A year later, Security Studies began in The Hague, something she has always been interested in. And Urban Studies also appealed to her. “I thought: I will just try both, and if I don’t make it, I can just quit. But I liked it so much that I kept studying both. “
To keep up with everything, she makes schedules in a Bullet Journal that leave nothing to chance. “If a psychologist were to look at this, I would probably get all sorts of labels immediately,” she laughs. That she is perfectionistic can at least be deduced from this. Sometimes she even misses deadlines because of that.
“Luckily my teachers know me, otherwise they might think it’s laziness. Last week I missed a paper deadline because of my enthusiasm. I had a good subject in mind, and reading about it made it better and better. I would quickly be reading up to 40 articles instead of 15 because I also want to read articles that the researchers are referring to, and by then the deadline has passed before the paper is good enough for me.”
Van der Laarse has tried all kinds of methods to test how she learns the fastest. At the moment this is the so-called Pareto principle (also known as the 20/80 principle): with 20 percent of the time, she gets 80 percent of the work done.
Although her schedule looks like it takes more time than it opens up, she says: “It has never been so quiet in my head. In the beginning, it was time-consuming, but I am getting better at it. I was always extremely stressed. Not anymore. I can no longer think that I am not doing enough and that also gives peace. If I ever have the time, I will make an app of the system, so that everything is clear and it is no longer on paper. “
Her weeks are color-coded: a black week is everything at twenty percent, a red week is everything full-time, and therefore not according to the Pareto principle. The reflections on her stress levels and emotional health ensure that she does not go too far. “If too many consecutive weeks are red and my stress levels are high, I have to take it easy and plan a black week. If I have done everything according to my schedule, that feels like enough. Then I can rest.”
At every daily entry, it says “Would Oppa be proud?”. “ ‘Oppa’ is Korean for an older brother. I have a good online friend who is very pragmatic and efficient. The question is always: would he be proud of me?”.
Every day, she plans exactly what tasks she must complete and how many ‘Pomodoro’ (a time block of 25 minutes) are needed to do so. To concentrate, she uses Forest, an app in which you plant a tree that grows when you don’t look at your phone, and stops growing if you do. At the back of her book are roadmaps with the tasks subdivided into subtasks, which she neatly crosses. “You can immediately see if you work fast or are behind.”
Maintaining a social life in addition to all this is difficult, she admits. “I usually combine it with spending the night. I have a boyfriend, but we don’t do much together except for sleeping. Last weekend I had to take a break and I stayed over at a friend. We would just be studying together, but it still feels like I am out of the house.”

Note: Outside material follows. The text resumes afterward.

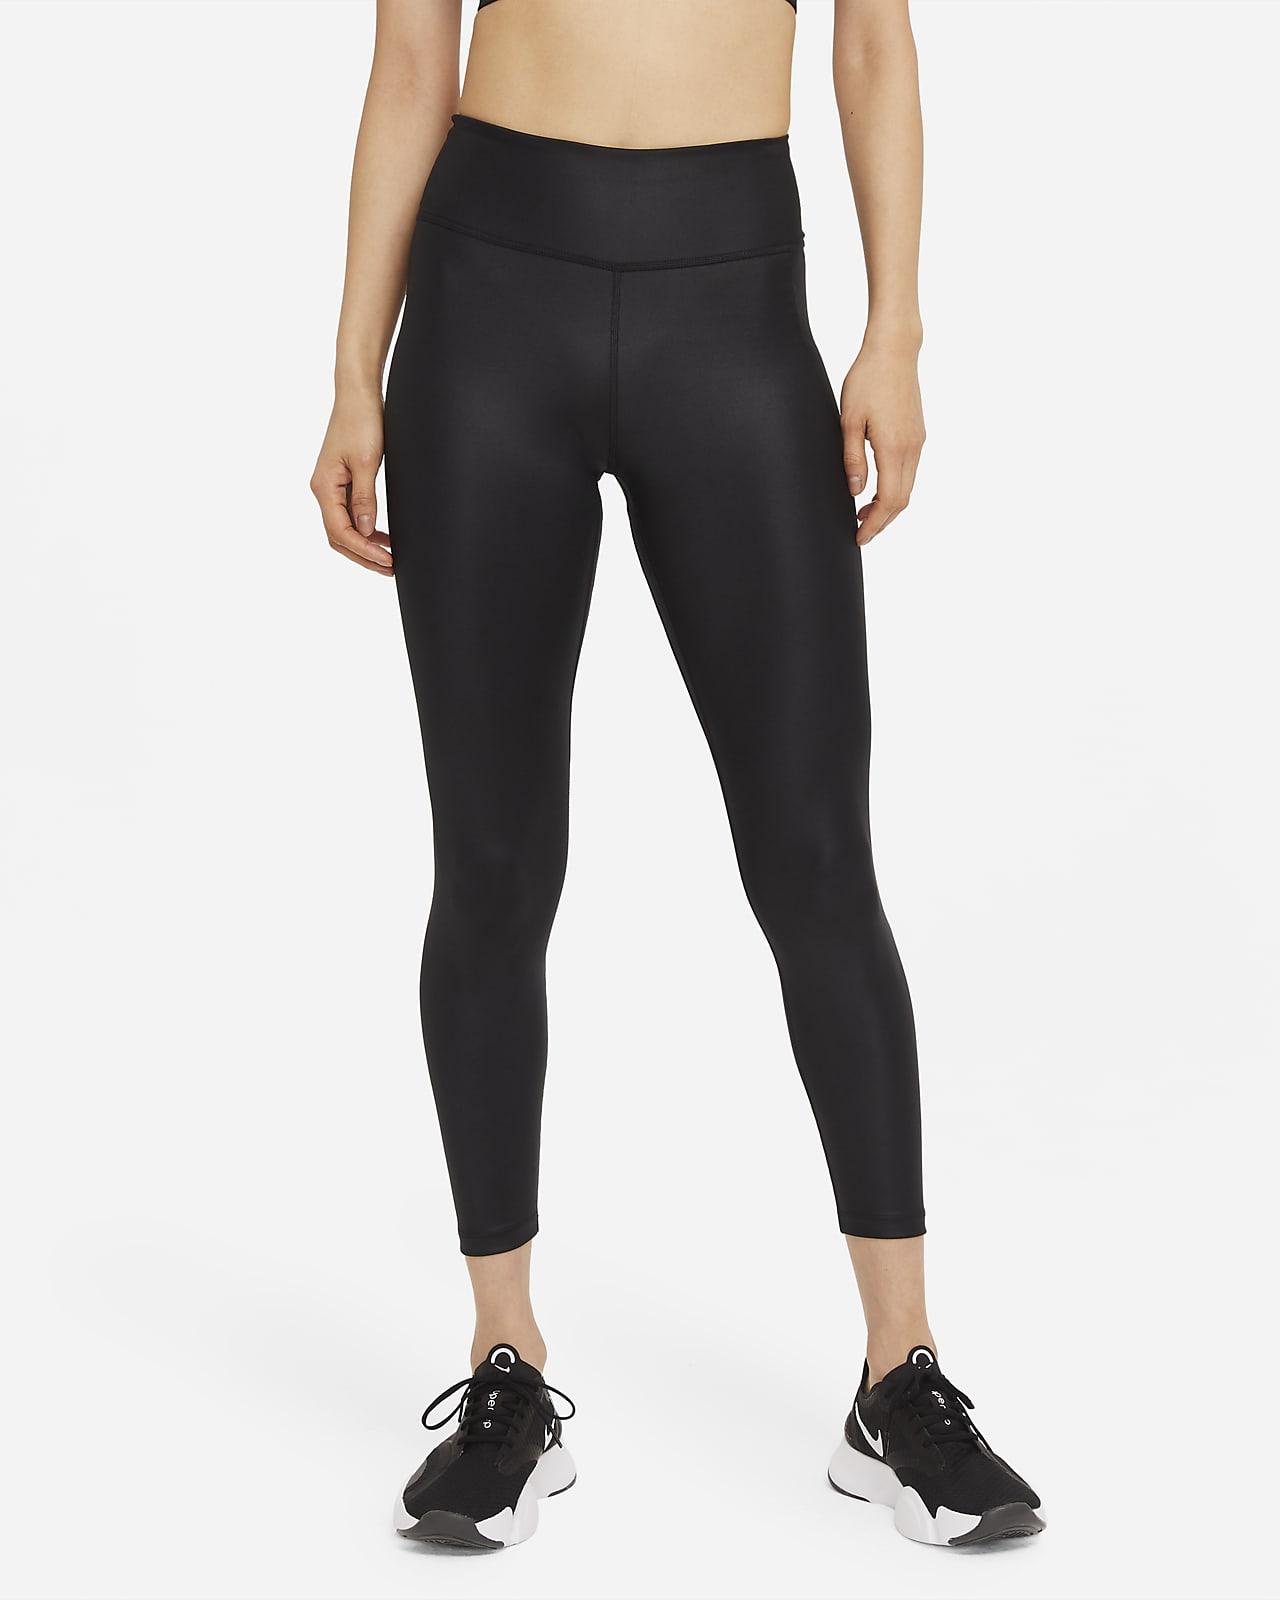 Nike One Women's Mid-Rise 7/8 Faux-Leather Leggings.
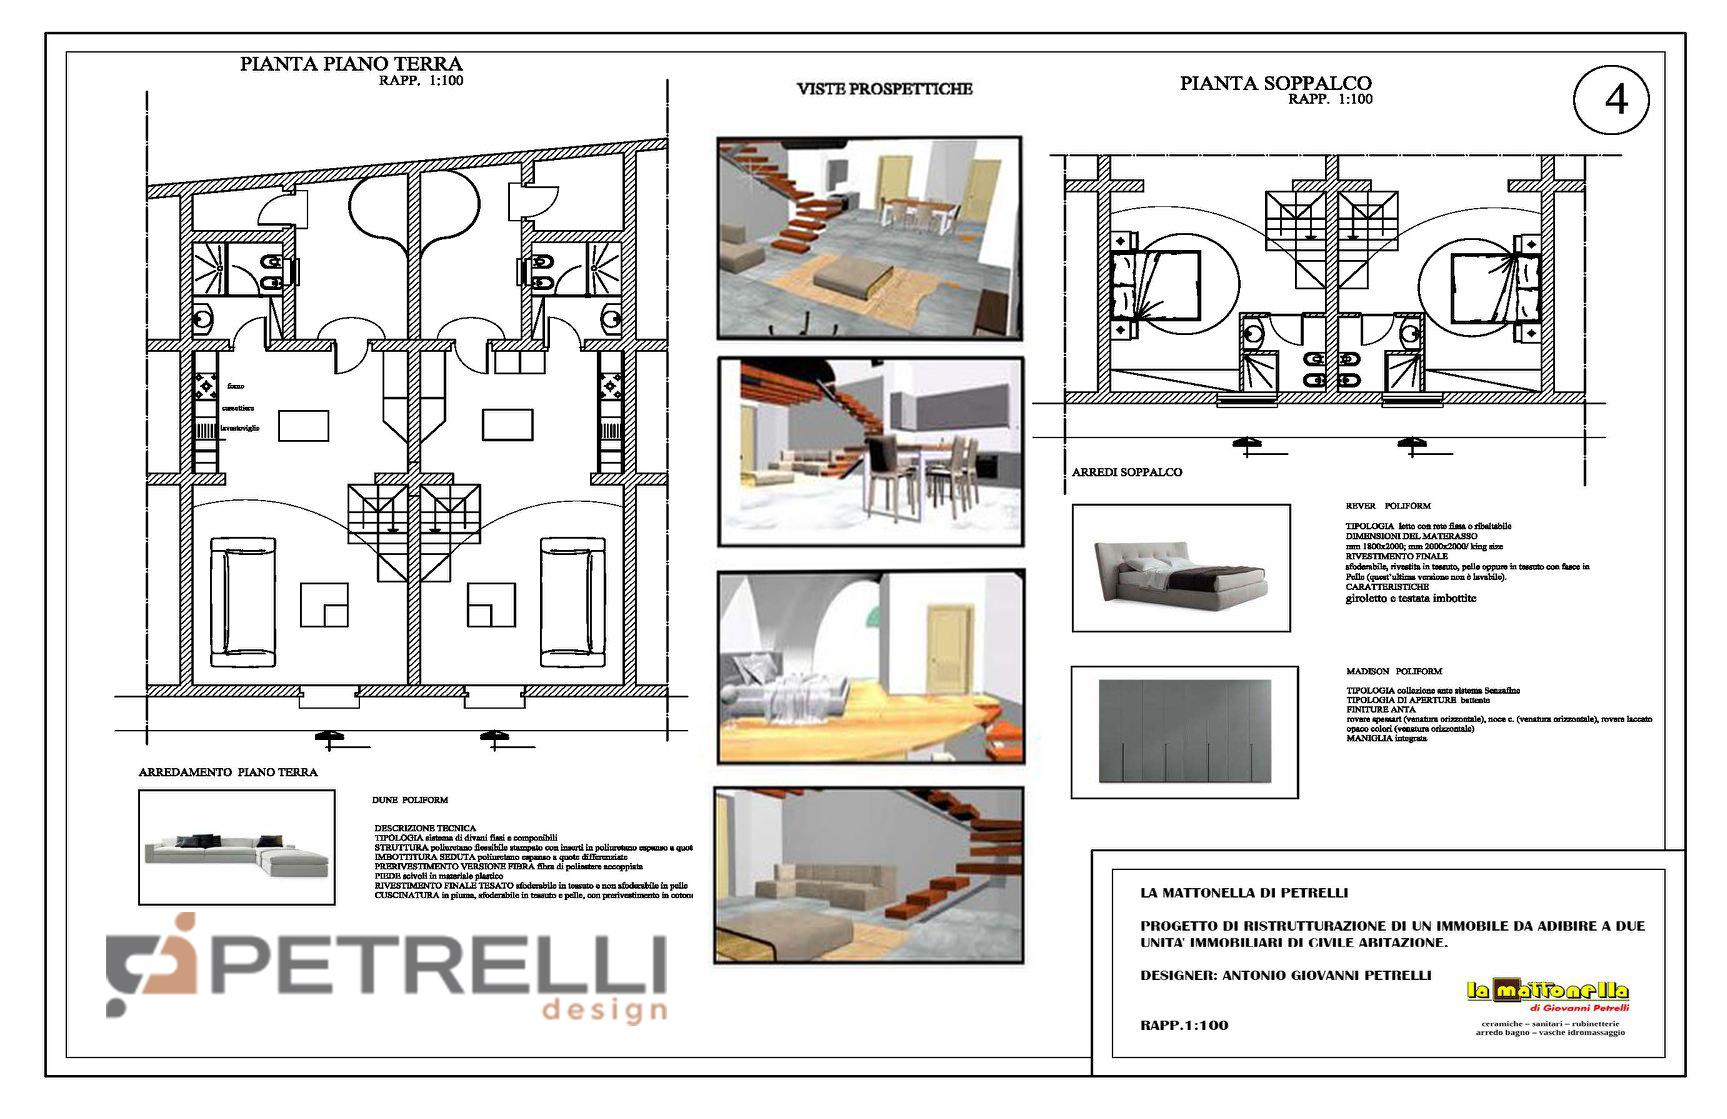 RistRutturatION 2 - Interior - 3 -PetrelliDesig

She also barely sees her family, sometimes at four-month intervals. So she spends the Christmas season with them. “During Christmas, I will be sleeping a lot, but mostly spend a lot of time with them. Christmas is one hundred percent dedicated to my family.”
After completing her bachelors, she wants to do a master’s degree (“probably several at the same time”) and her dream is to get a Ph.D. “I really enjoy academic research and I read and write quickly, which is a big advantage. People often ask me how I do everything at once. Maybe I’ll start a blog about it.”